» What is needed
All of the data goes into your copy exactly as written. Images do not.

» Collected material
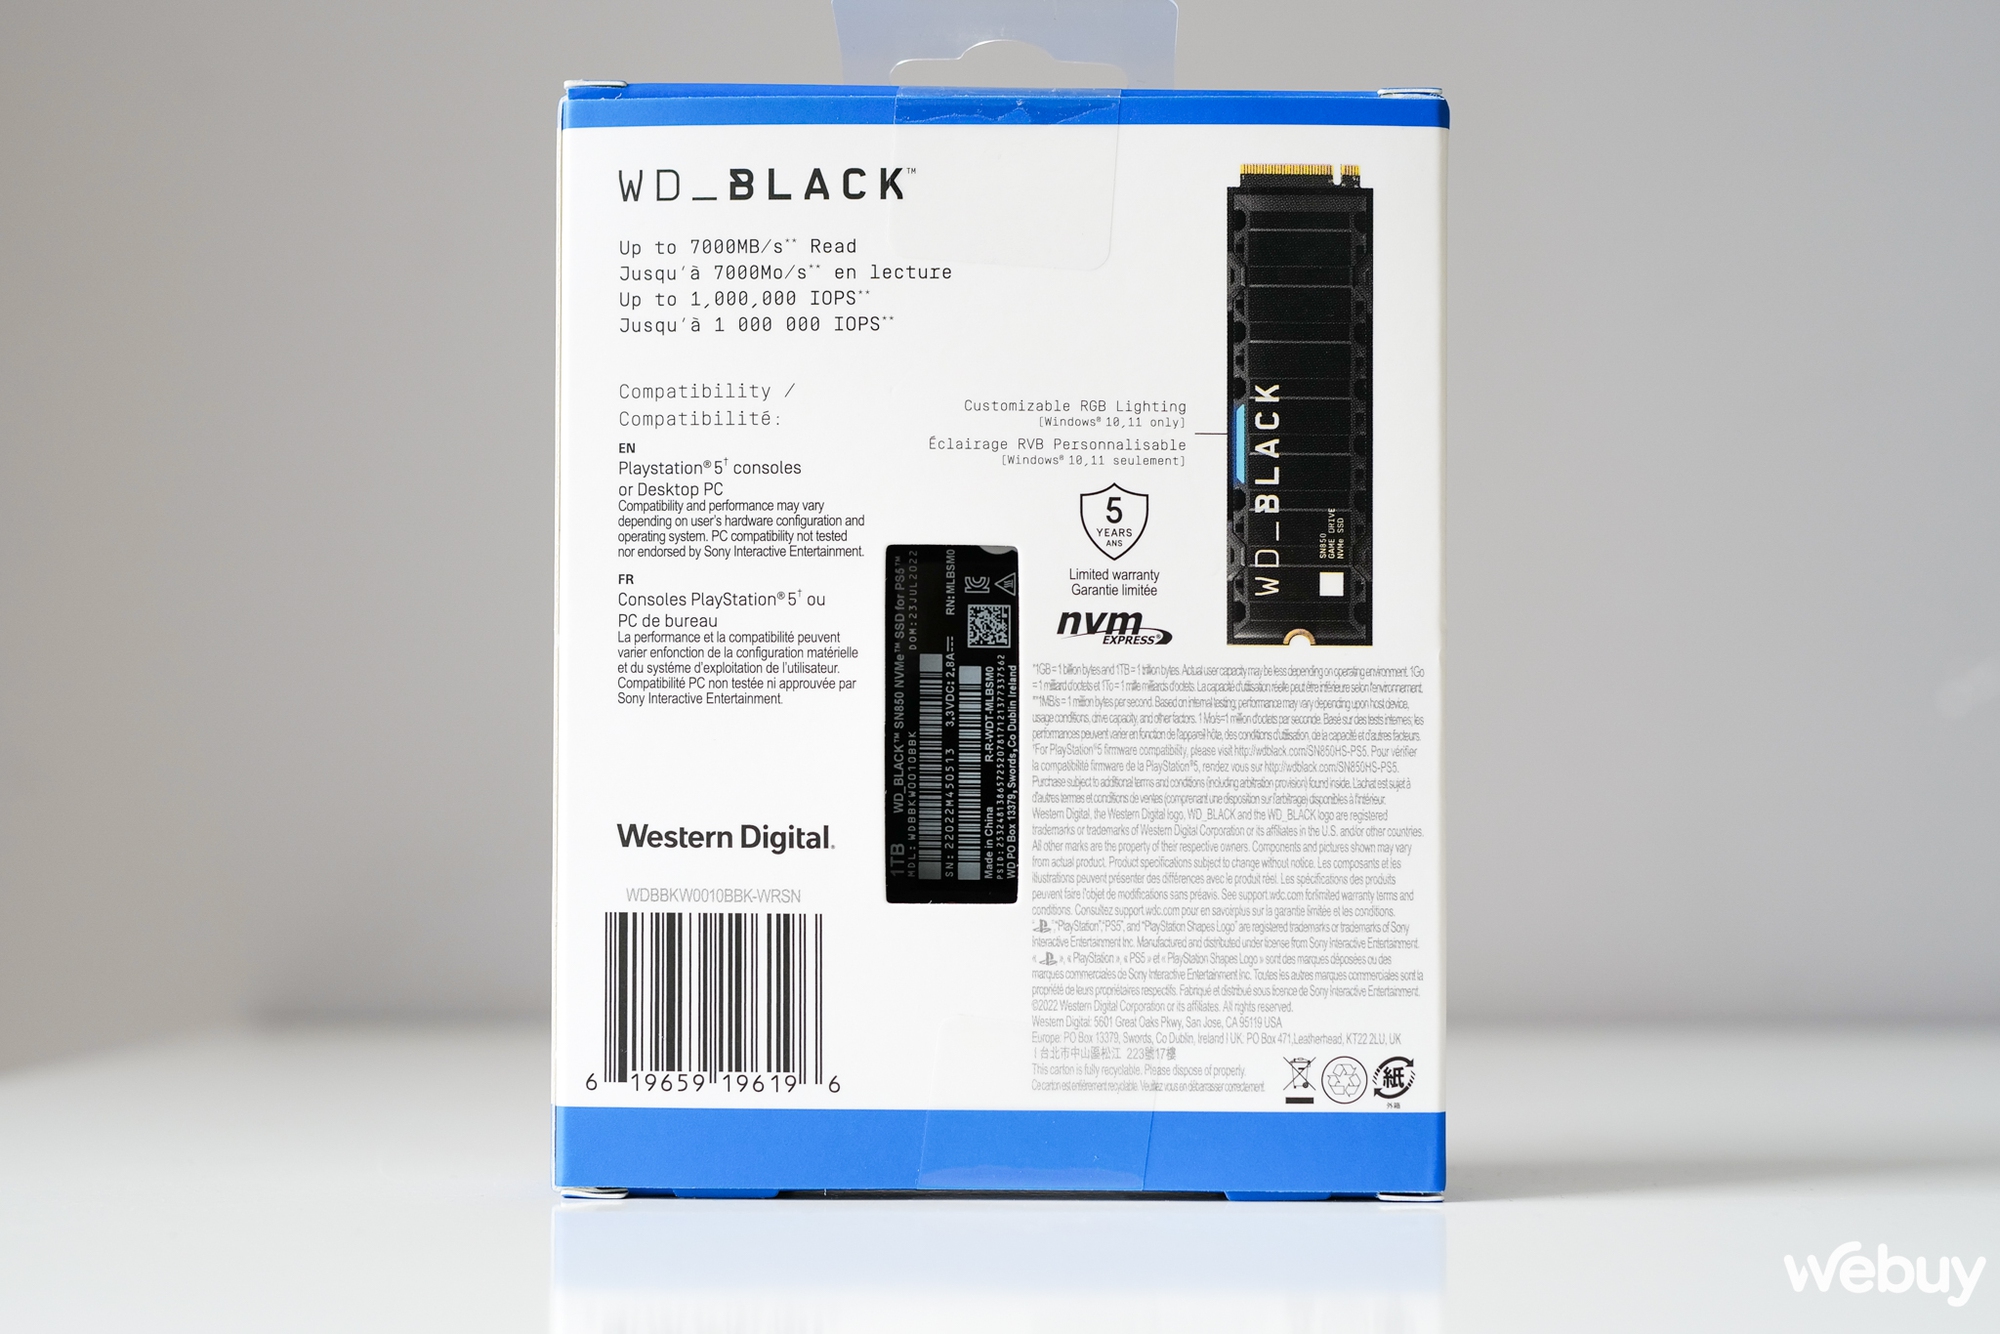 Đánh giá nhanh ổ cứng SSD NVMe WD_BLACK SN850 dành cho PS5: Vẫn thuộc hàng đầu bảng nhưng được dán thêm logo PlayStation trên hộp - Ảnh 3.
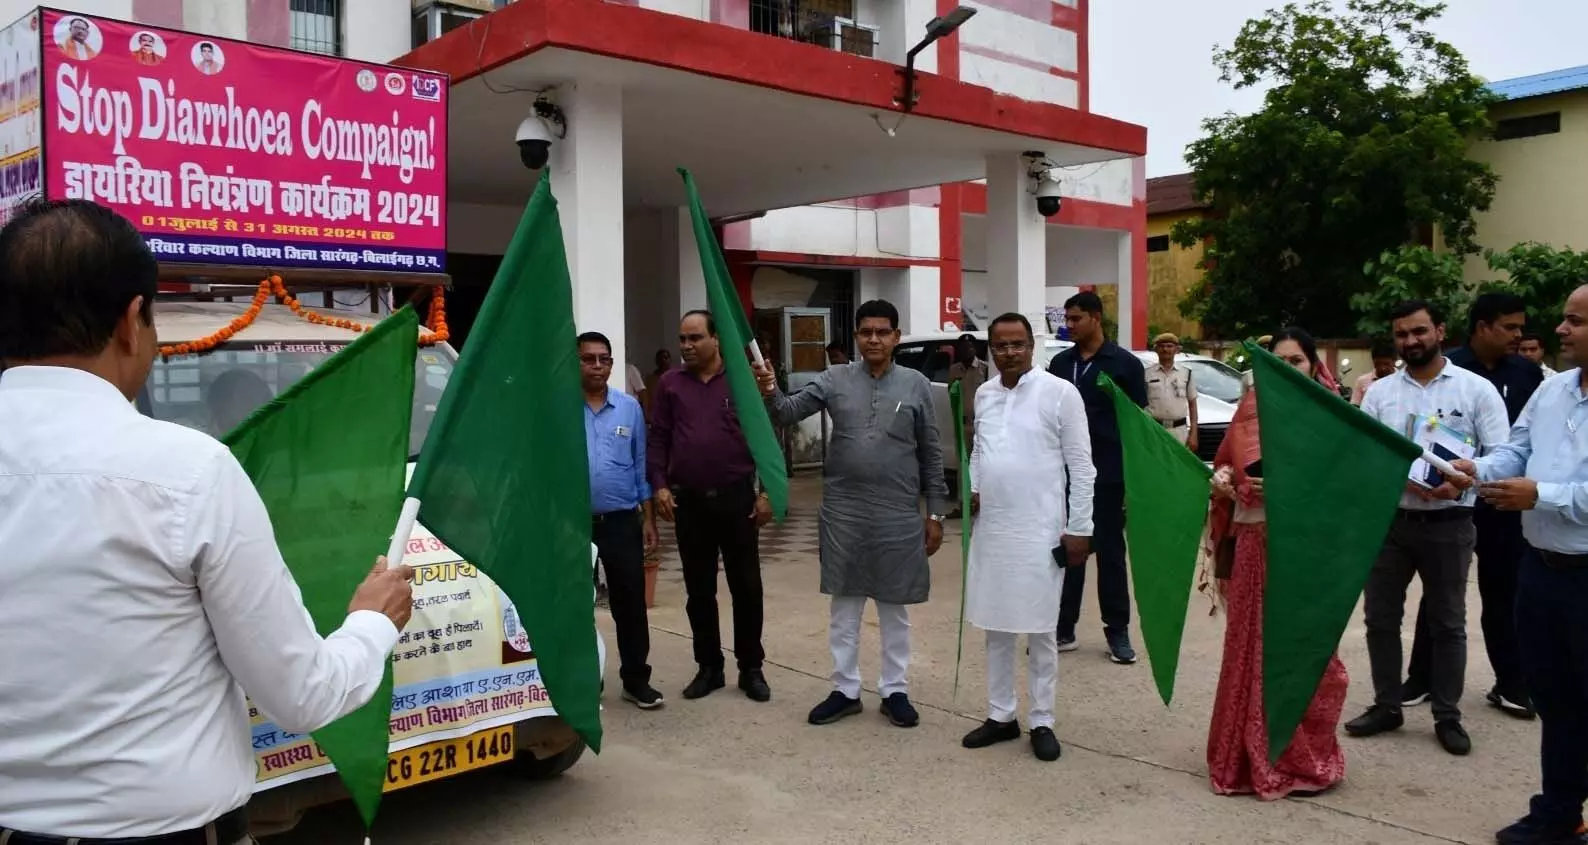 Minister टंकराम वर्मा ने डायरिया नियंत्रण रथ को हरी झंडी दिखाकर किया रवाना
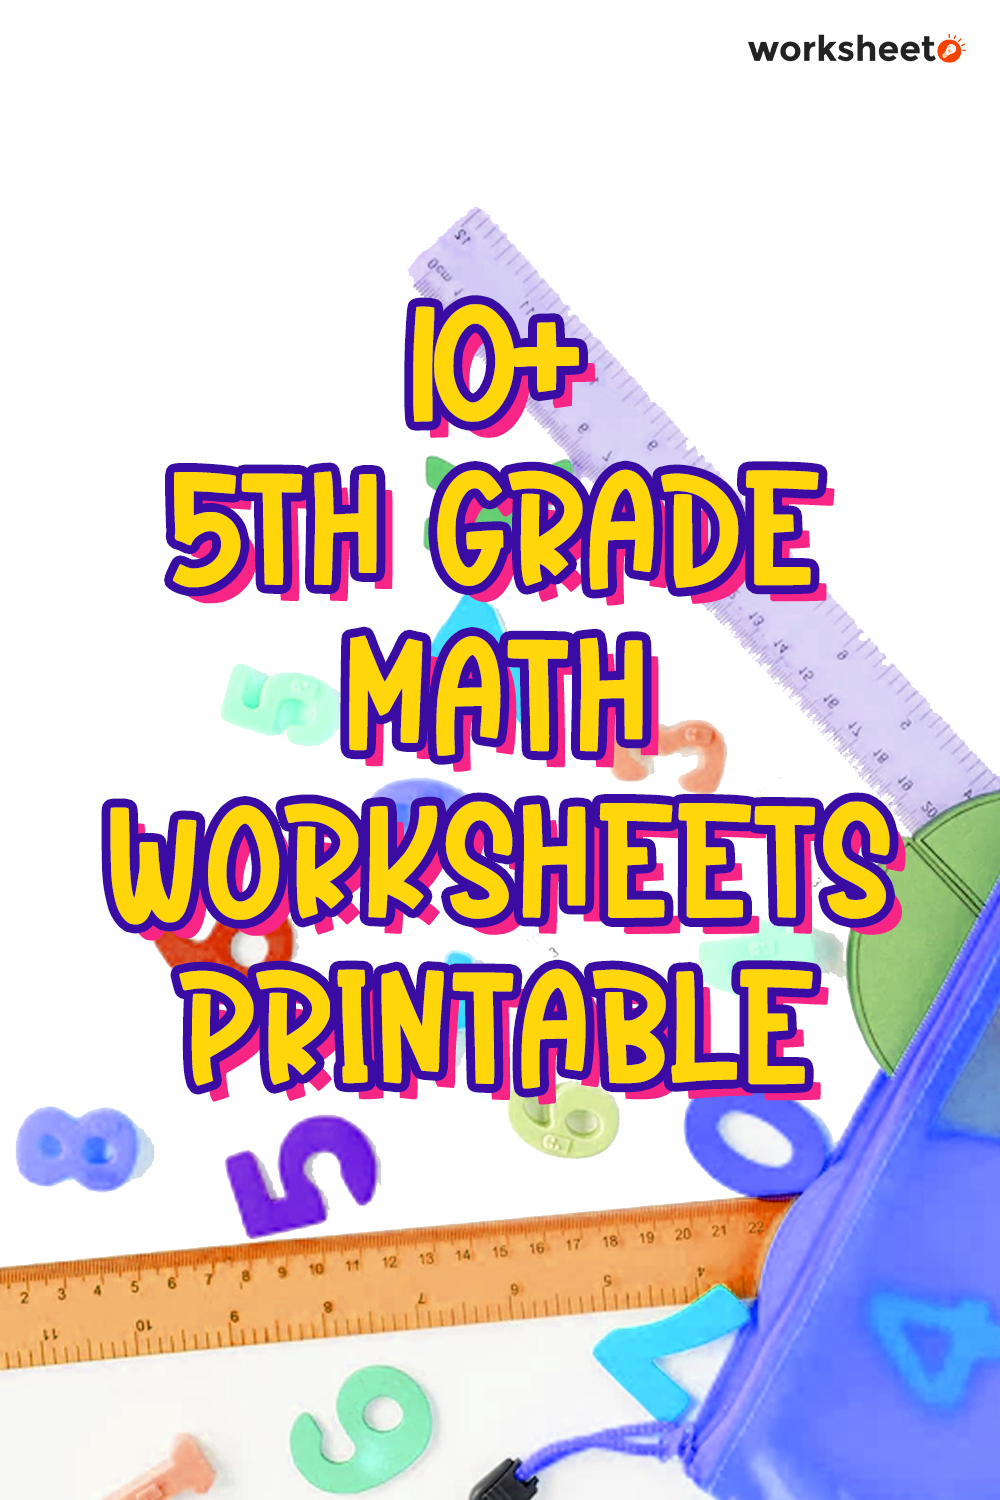 11 5th Grade Math Worksheets Printable Free PDF At Worksheeto

» Result of this exercise
 Đánh giá nhanh ổ cứng SSD NVMe WD_BLACK SN850 dành cho PS5: Vẫn thuộc hàng đầu bảng nhưng được dán thêm logo PlayStation trên hộp - Ảnh 3.
 Minister टंकराम वर्मा ने डायरिया नियंत्रण रथ को हरी झंडी दिखाकर किया रवाना
 11 5th Grade Math Worksheets Printable Free PDF At Worksheeto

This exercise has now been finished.